Preferably, your system should be a recent (2000 or later) mainstream UNIX (Linux, Solaris, BSD)
installation, but other types of operating systems may work as well. The examples may work with
earlier versions of Perl and UNIX, and other operating systems, but their failure to function should
be considered an exercise for the reader to solve.

History

The progress of genetics in the 20th century was rivaled in speed and reach only by the evolution of
electronics and computer science. It is fitting that one of the most intriguing algorithms to come
about in the 20 th century is the genetic algorithm.

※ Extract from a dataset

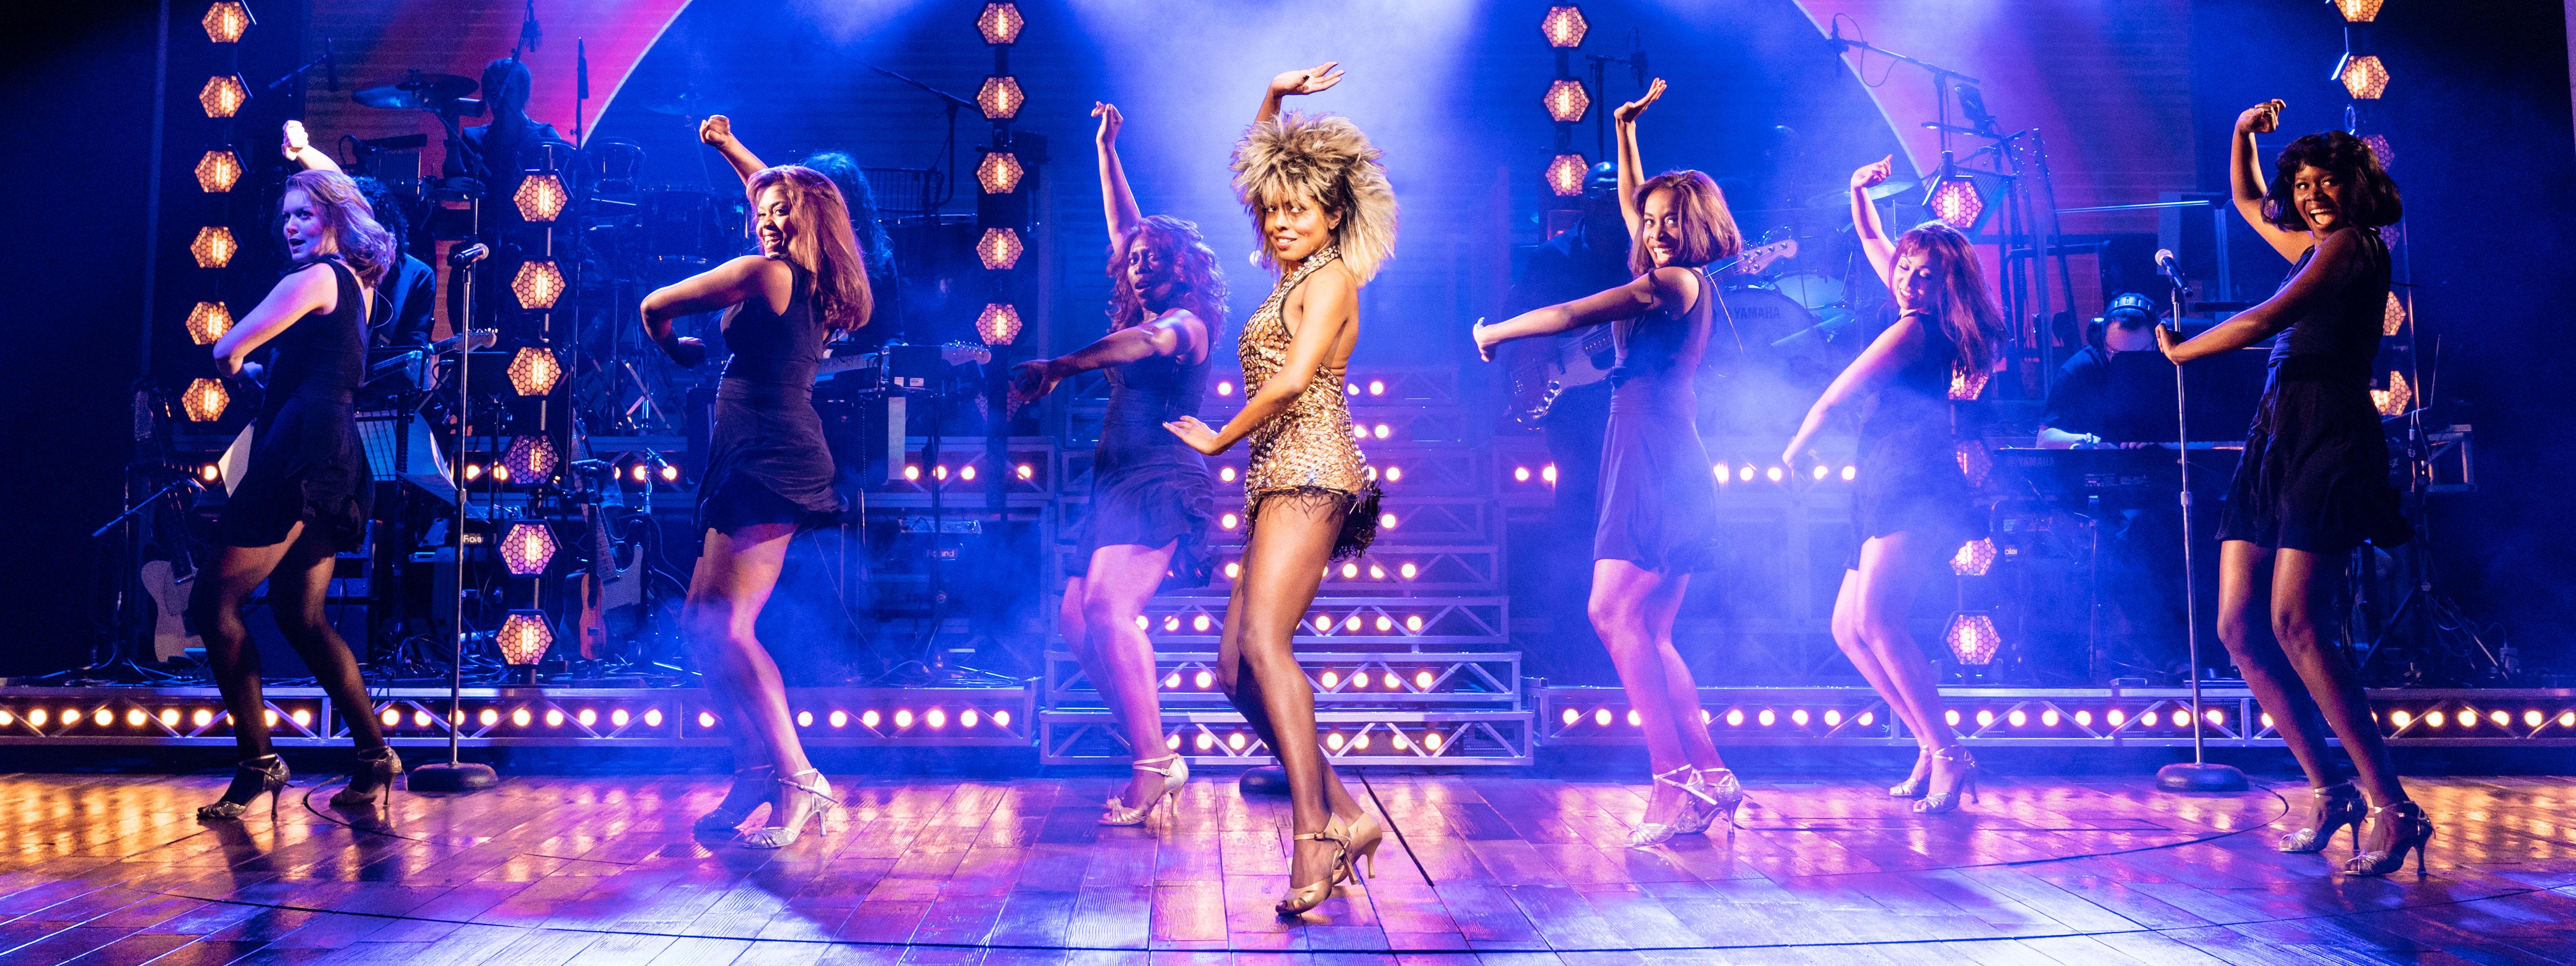 Tina Turner stage show
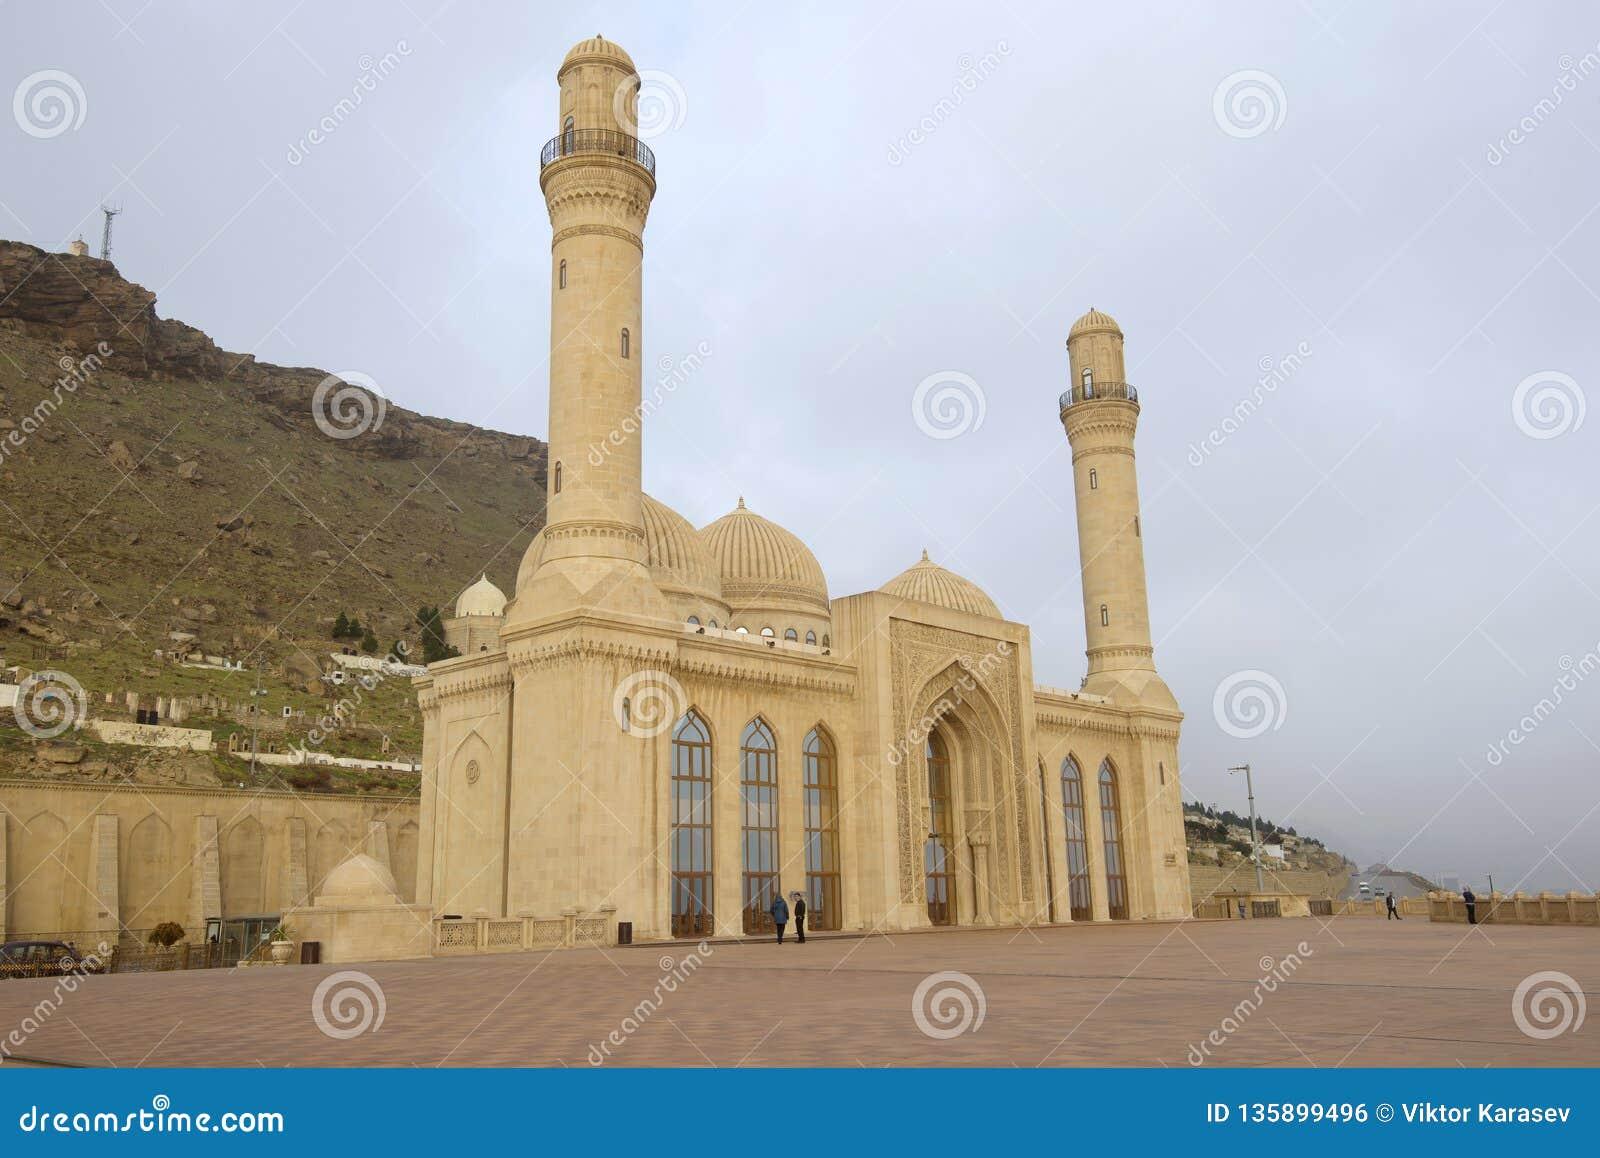 Återställd Shiite moské Bibi-Eybat, Januari morgon Baku Azerbajdzjan

Emerging in the early 1960s, the genetic algorithm (and evolutionary algorithms in general) took a
place in computer science between deterministic and non-deterministic algorithms. The genetic
algorithm, essentially, is as deterministic as you want to make it, meaning that the user can decide
the number of iterations and termination criteria. It mimics Darwinian natural selection, making
"fitness" (as determined by a formula applied to an individual) the chief selector of individuals for
survival and procreation, together with mutation.

Other evolutionary algorithms attempt to mimic Lamarckian evolution, where behavior as a


survival mechanism can be transferred between generations, and there are even evolutionary
programs that write themselves for a particular purpose. All of those are beyond the scope of this
article.

The main drawback of Perl for genetic algorithms is speed. Because of the computing needs of
genetic algorithms, they are more efficiently implemented in C or other low-level pre-compiled
languages. The Perl examples shown here are not as fast as their equivalents in C, but they will
show you how the genetic algorithm works, and they are fast enough for some problems.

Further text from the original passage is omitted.